Hi,
I am using topTages to output DEs into a text file. I was using two datasets and one set with the same function was working fine while the other is throwing NAs for all non-significant accessions without filtering. Please see the two scenarios below;
Dataset 1
> summary(de <- decideTestsDGE(et, adjust.method="BH", p=0.05))
TuMV-Mock
Down 90
NotSig 18696
Up 87
> out <- topTags(et, n="Inf", adjust.method = "BH", sort.by = "PValue", p.value = 0.05)
> dim(out)
[1] 177 4
Dataset 2
> summary(de_Aphid <- decideTestsDGE(et_Aphid, adjust.method="BH", p=.05))
TuMV_Aphid-Mock_Aphid
Down 2573
NotSig 13432
Up 2400
>
> out_Aphid <- topTags(et_Aphid, n="Inf", adjust.method = "BH", sort.by = "PValue", p.value = 0.05)
> dim(out_Aphid)
[1] 18405 4
When I export it to a file, it has the following at the end (for notsig 13432) ;
AT5G51140 -0.508549995231026 5.13973842760081 0.0134929828738446 0.0499373315489865
NA NA NA NA NA
NA.1 NA NA NA NA
NA.2 NA NA NA NA
NA.3 NA NA NA NA
What am I doing wrong here? :| Can someone help?
It's soo strange! :( This is the full code.
I don't see any problems with your code. Your code is very old-fashioned, like edgeR code from >10 years ago, but not wrong.

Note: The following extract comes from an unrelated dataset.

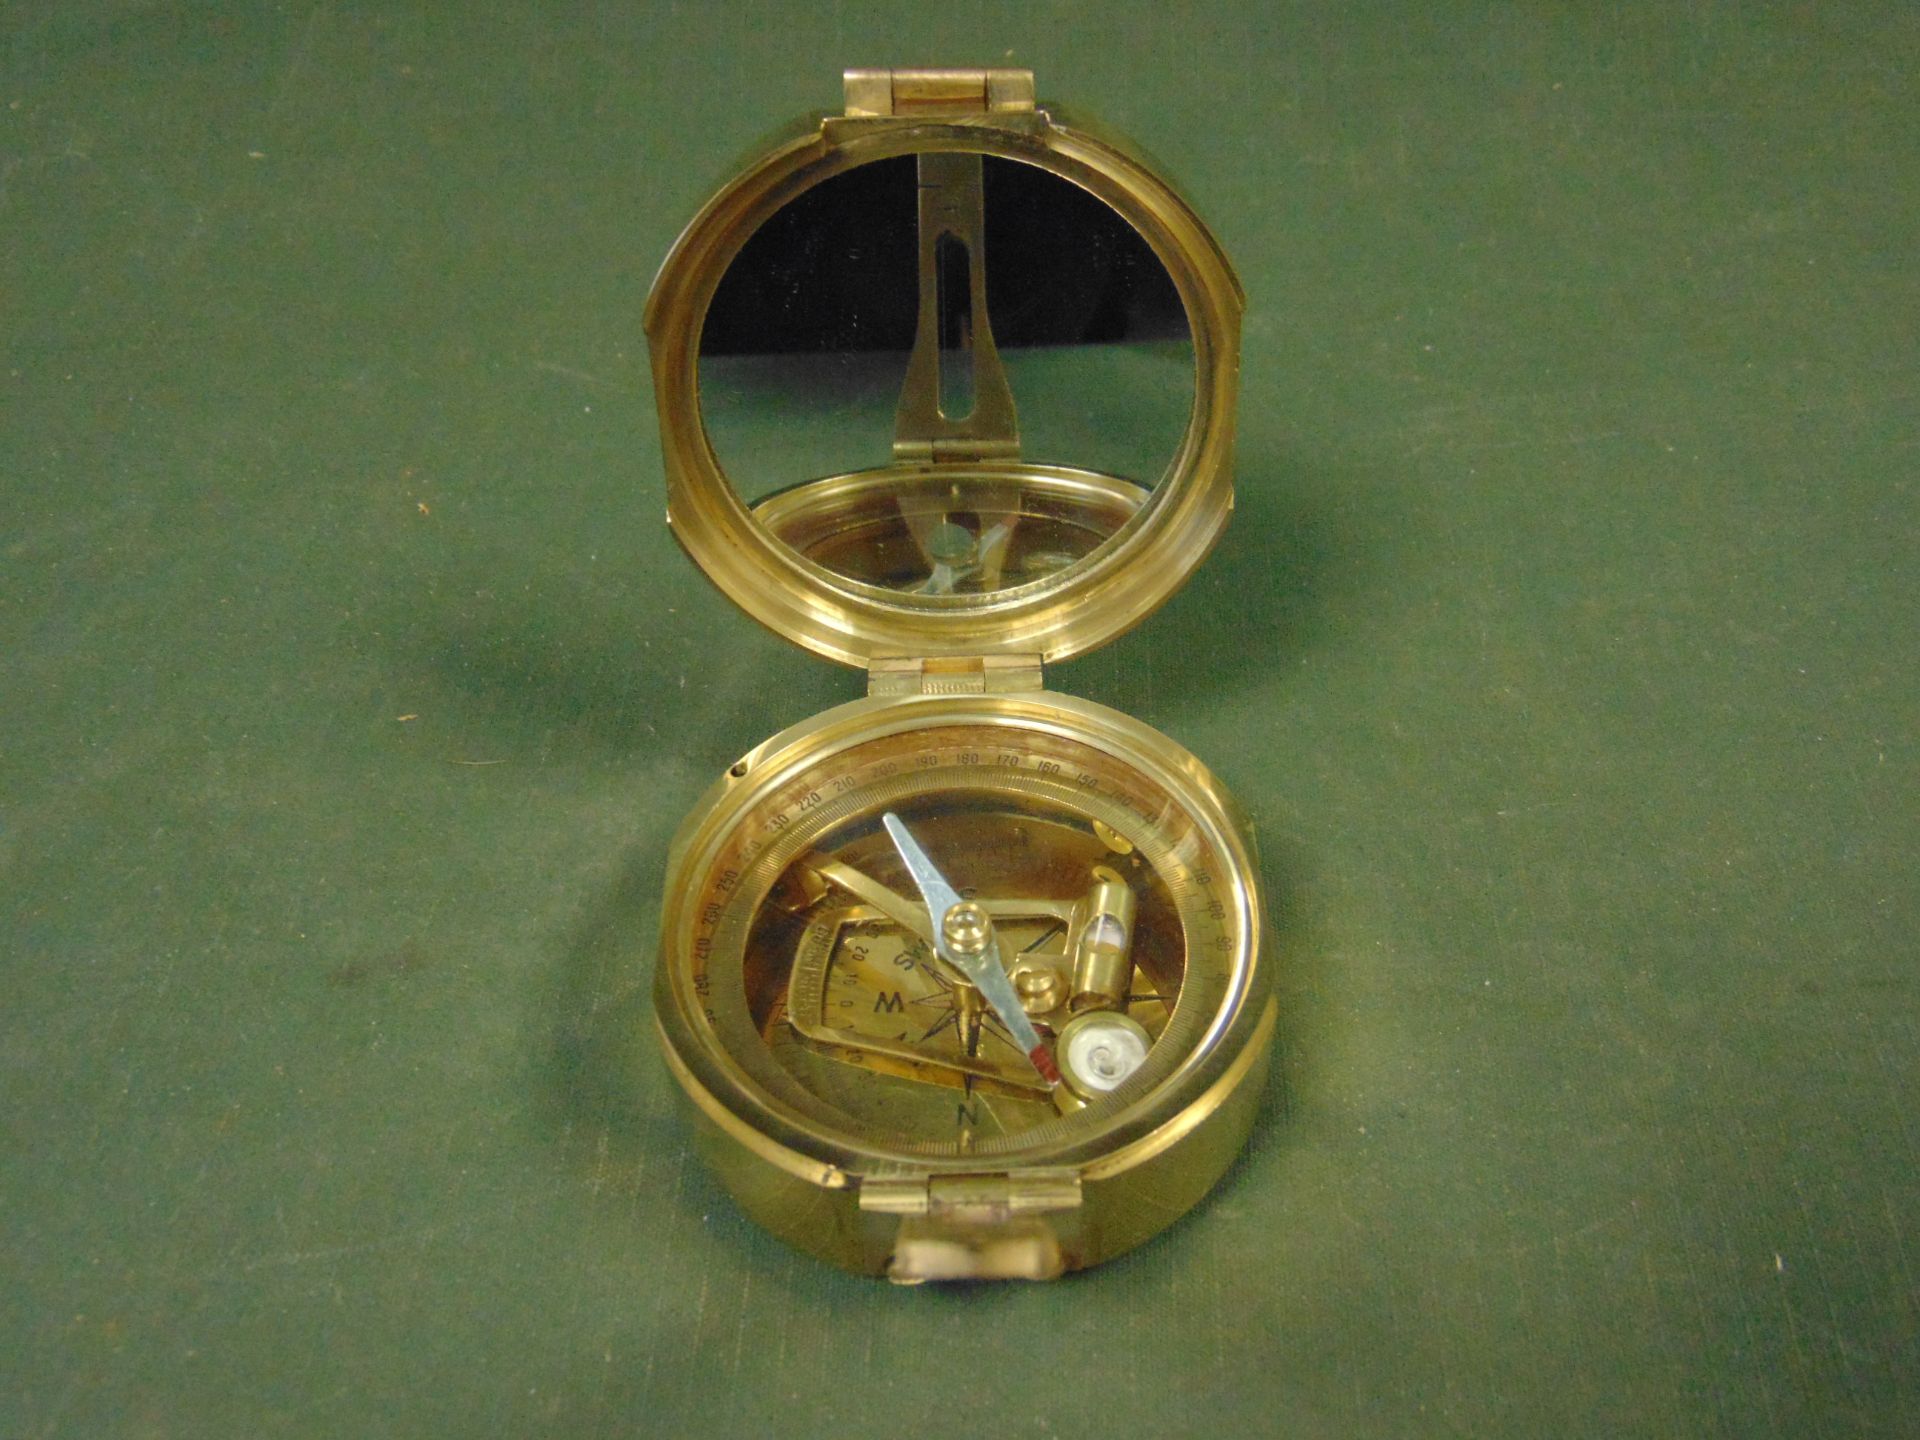 VERY NICE STANLEY BRASS PRISMATIC COMPASS REPRO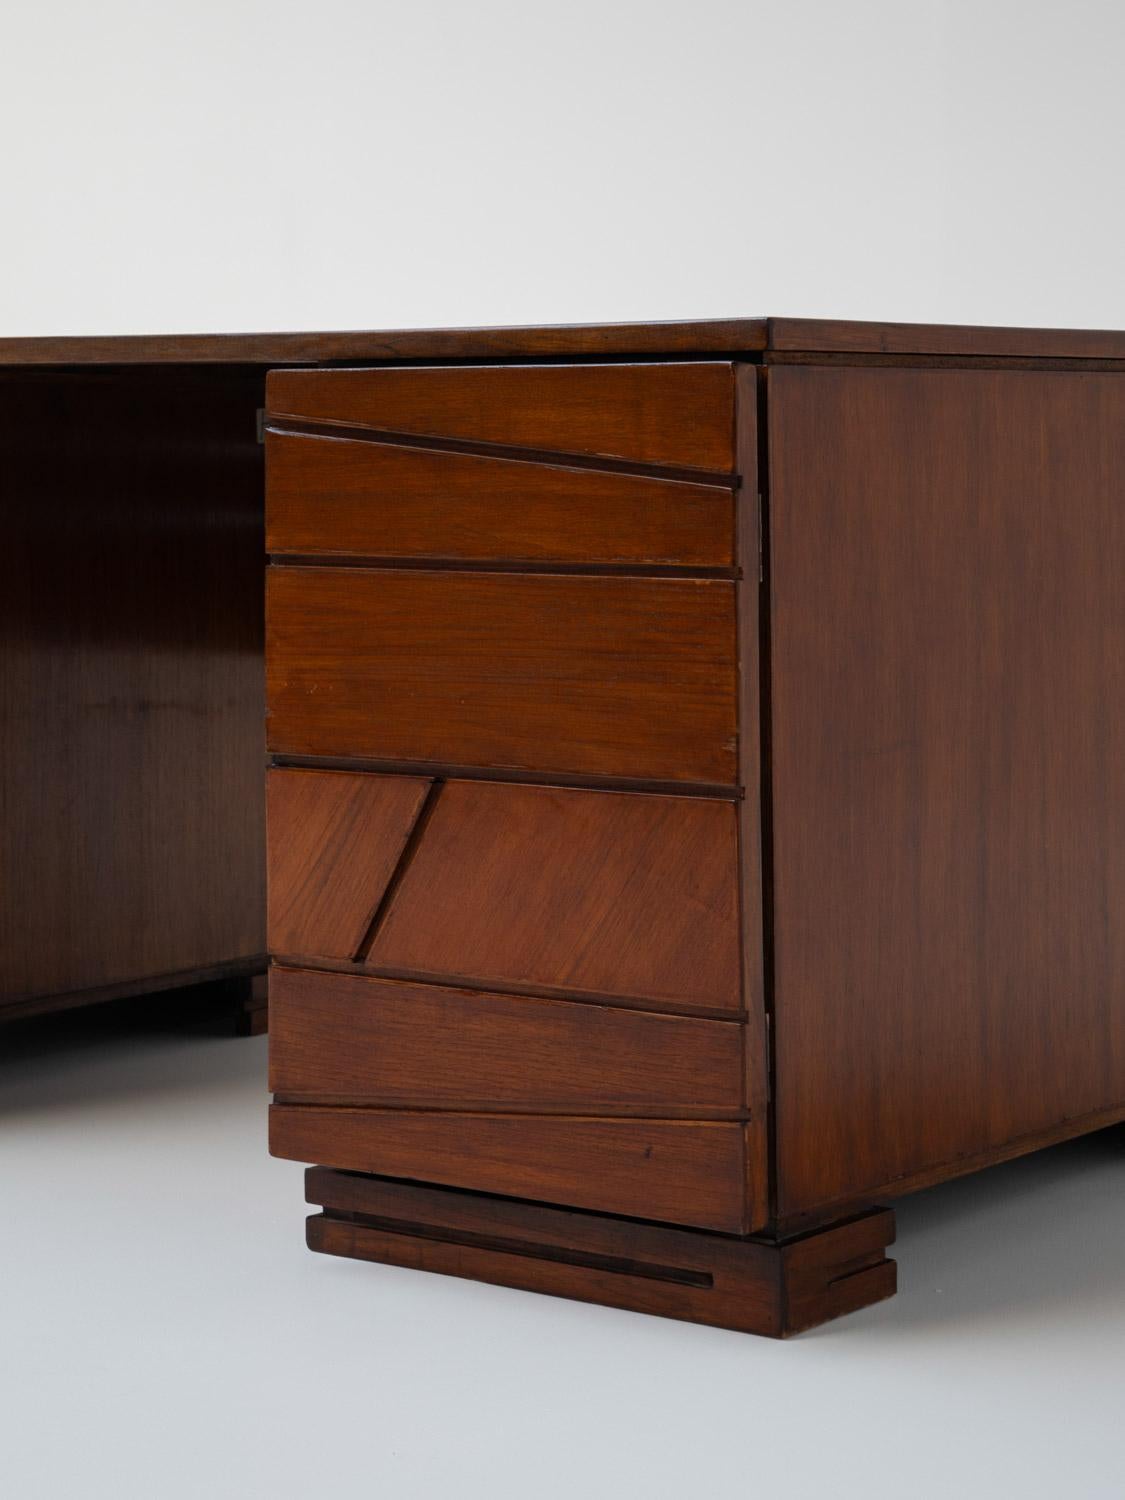 Late 20th Century French Wooden Modernist Desk, France 1970s

I do not see any way that the code you give could produce the output that you show in your question. The values you show even have "NA" for row names, and edgeR does not allow that in any circumstances.
The output you show does occur if you attempt to access rows of the top table that don't actually exist. That is an R phenomenon and is external to edgeR. For example:
The NAs are not part of the edgeR object, but are shown by R because I have attempted to access rows of the top table that don't exist. The top table itself has only 20 rows but I have attempted to access rows 21:24, so R adds in NAs to represent the non-existent rows.
The
dim(out_Aphid)
output that you show in your question also seems impossible. Since you setp=0.05
in thetopTable
call, thenout_Aphid
should only have only 4973 rows, not 18405 as shown in your output.I have to ask what version of R and what version of edgeR you are using. The latest version of edgeR is 3.38.0.
Thank you for the reply, Gordon. I adopted code from Griffith Lab (https://rnabio.org/) given I am still very new to R. Any advice (or learning material) to improve it will be greatly appreciated. I'm away from the office for the weekend. On Monday morning, I'll post the R and edgeR version information.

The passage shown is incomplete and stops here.